小伝馬町の名前の由来とは|怖い牢屋敷事件や処刑場というキーワードが….

東京都中央区の北端に位置する地域で、日本橋の地名である小伝馬町(こでんまちょう)。

小伝馬町は駅前にオフィスやマンション、雑居ビルが多く、治安が良いのが特徴です。
観光客などが少なくてゆったりしているので、とても落ち着いた雰囲気があります。

そんな小伝馬町ですが、名前の由来を調べていたら、怖い牢屋敷事件や処刑場といった怖いキーワードが出てきました。
小伝馬町という名前の由来には、なんだか恐ろしいエピソードがありそうです。

この記事では、小伝馬町の名前の由来についてご紹介します!

目次

小伝馬町の名前の由来とは

小伝馬町

小伝馬町は江戸時代の「伝馬(でんま)」が名前の由来となっています。
伝馬とは江戸時代の幕府が、公用をこなすために宿場で乗り継ぐ馬のことです。

江戸から五街道を通って地方に行く際、街道沿いにある各宿場間で交代して運ぶ制度を伝馬制度といいます。
五街道を通って宿場町間を移動する際に、同じ人や馬ではなく交代しながら運搬するのです。

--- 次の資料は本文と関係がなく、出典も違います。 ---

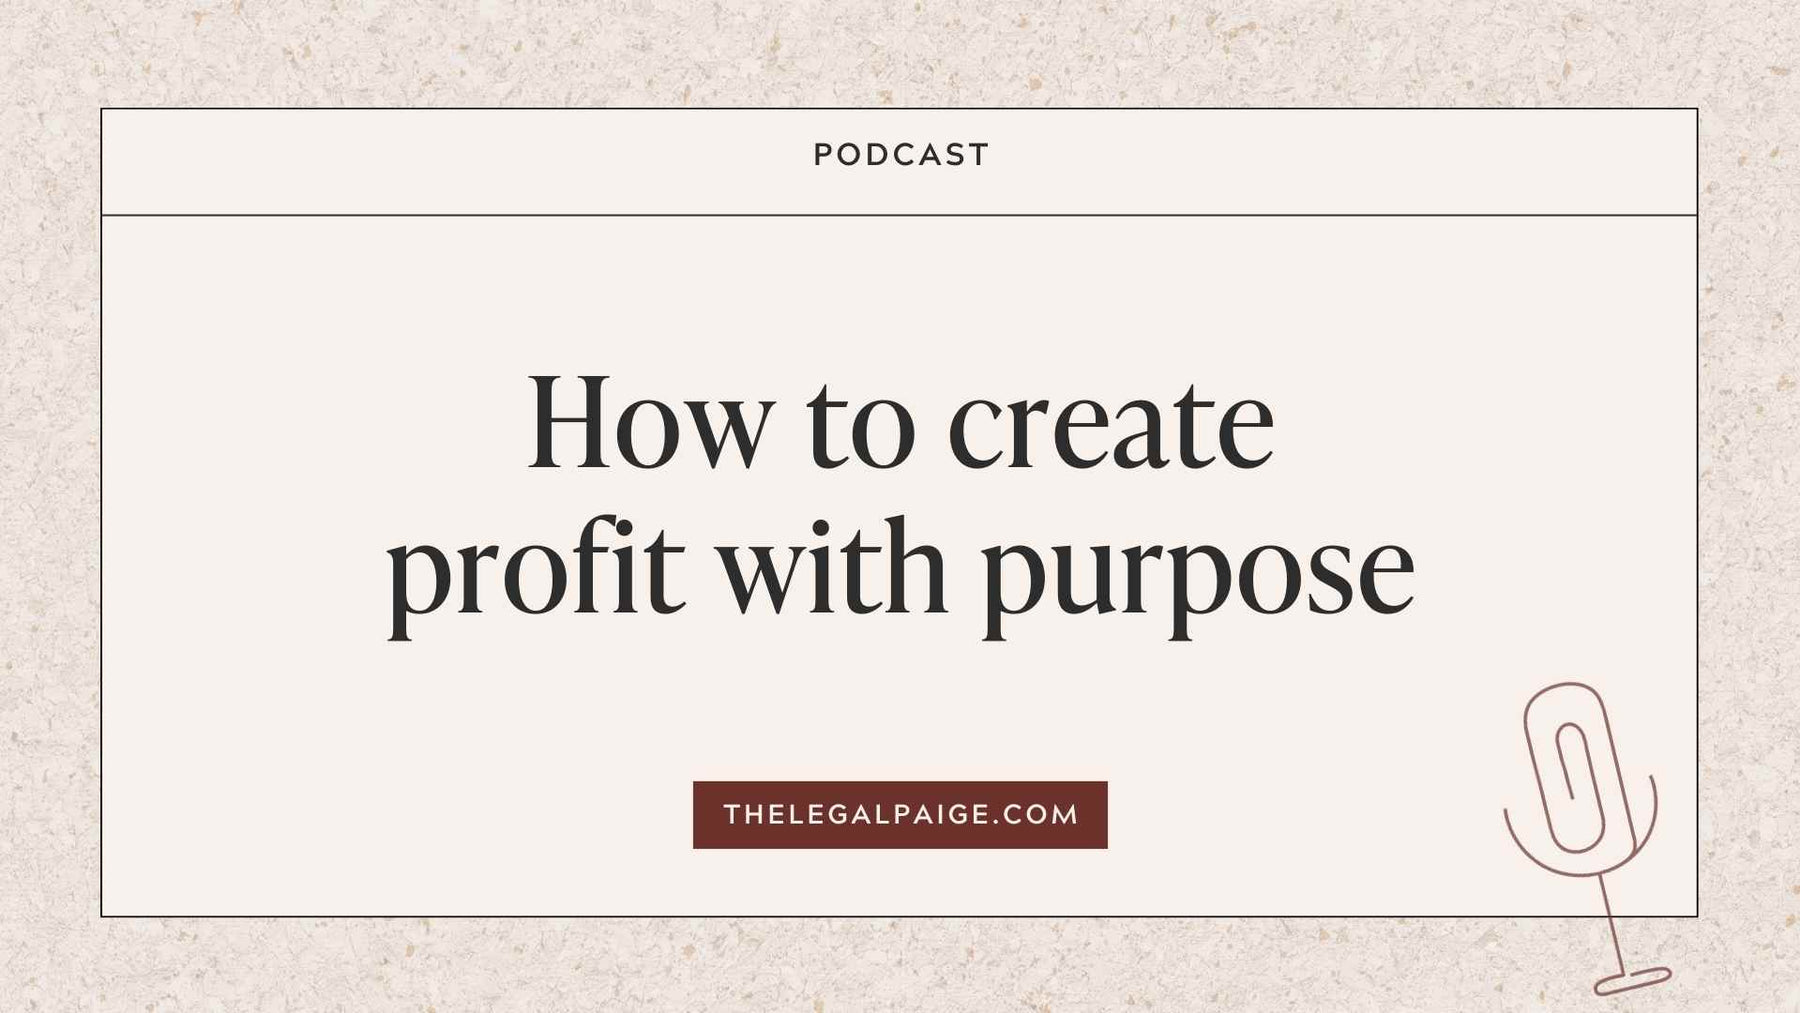 Episode 20: How to create profit with purpose

伝馬制度は、戦国大名などによっても採用されていましたが、徳川家康が本格的に整備しています。
江戸の日本橋を起点にして地方に伸びる五街道を整備するとともに制度化されました。

そんな伝馬制度で物資などの運搬を仕切っていたのが「伝馬役」。
伝馬役が住んでいたというのが、小伝馬町の名前の由来だといわれています。

より多くの馬を準備していたほうを大伝馬町」、比較的少ないほうは「小伝馬町」と名付けられました。

小伝馬町に怖い牢屋敷事件や処刑場というキーワードが…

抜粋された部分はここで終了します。